Readiness to serve: Right now we have IT resources focused on support and small projects and resources focused on large capital projects. We don’t have a team in place for rapid prototyping of ideas that come from the business. To address this issue, we're doing a technology refresh assessment to ensure we have the right skills and knowledge of emerging, flexible open stack technologies. This will enable usto move rapidly on new projects, while reducing software licensing and support costs. We are focusing on retaining a lean delivery team (jacks-of-all-trades type resources) who can help us provide the business with a readiness-to-serve capability. All of this is self-funded by finding efficiencies in other areas (continued use of offshore resources for support and delivery, application rationalization, etc.). This approach also allows existing resources to become cross-trained on the latest open source technologies.
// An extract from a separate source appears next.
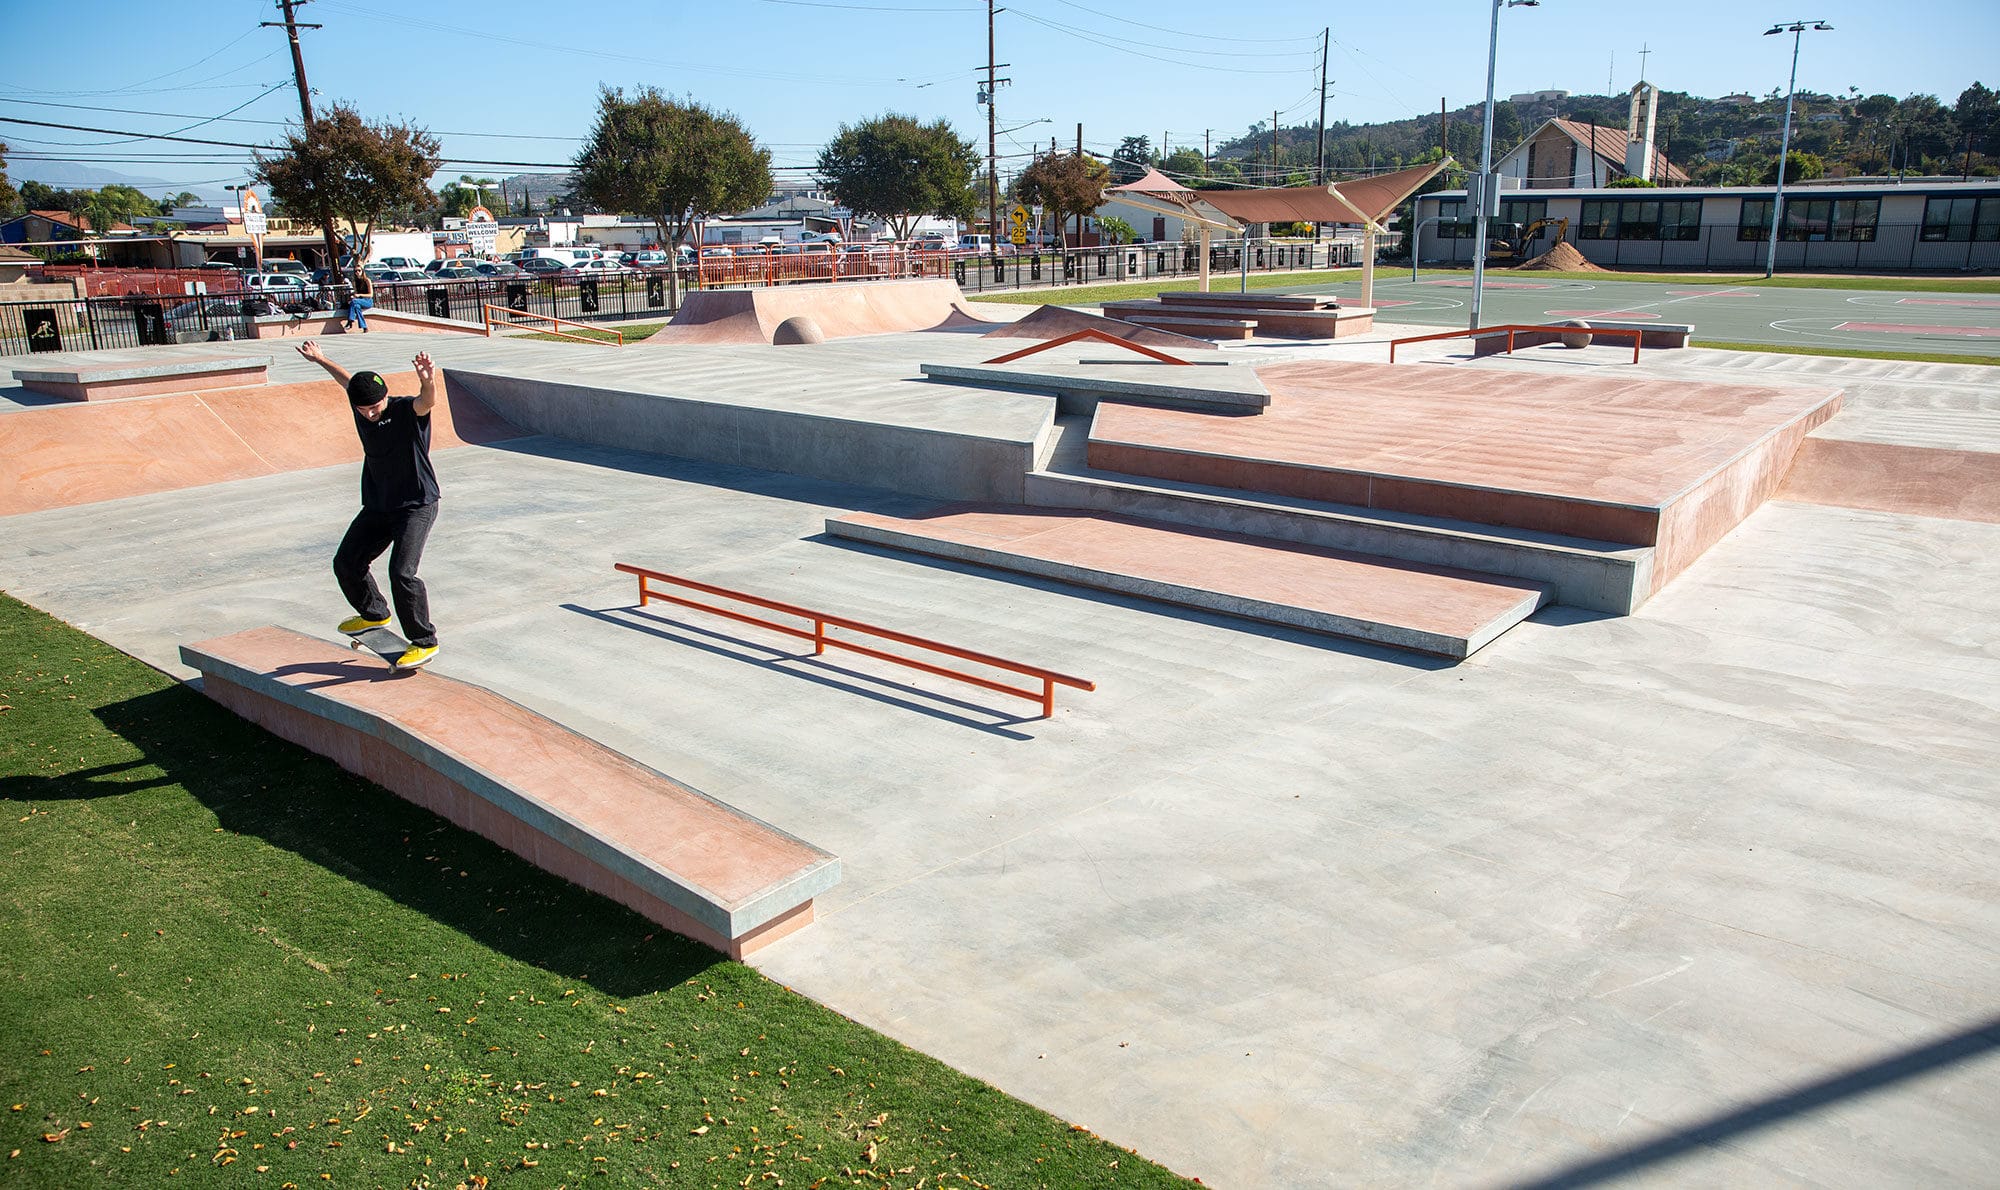 Nosegrind up and down the A Frame ledge by Flip Pro Matt Berger in La Puente, CA

Operational insight: Currently, most of our monitoring is done at the hardware level. A health check system is in place but processes and access around tooling need improvement. We know a server is up and running, but we really don’t have insights into the application level. Teams rely solely on symptoms to determine problem root cause and this lack of tooling significantly delays application recovery times as well as development break/fix times. Also, lack of diagnostic tooling during Quality Assurance (QA) testing means more defects slip through to production. We have selected tools that provide deep visibility into the cause of application performance issues down to the tiniest detail. The tools also allow us to get access to code level diagnostics as well as full stack traces across tiers. This in turn helps us address issues more efficiently and recognize anomalies that might be taking place in areas where we may not have been otherwise notified, allowing us to proactively address issues before our end users experience them.
Platform-as-a-Service: The ability to provision hardware and core software quickly and efficiently is a critical component of high velocity IT organizations. We’re looking at Platform-as-a-Service for self-service provisioning that will allow tremendous App/Dev flexibility. How can we quickly spin up virtual environments for our application teams so that they don’t have to wait until hardware is procured, as an example, or the whole application environment stood up? How can we push a button and provision an environment so the developers can be off and coding right away? This is a shift in mindset for how we operate today, from our Infrastructure team fulfilling requests to becoming a solution enabler; not only for IT but for our business partners.
These are the five major items that we’ve focused on to start our DevOps journey. And, more important, we’ve clearly defined metrics to show improvements in each of these five areas. We will be able to report on the number of releases, cost savings, efficiencies in test automation, and more. We will have a clear before-and-after picture showcasing the value that DevOps can bring to the business.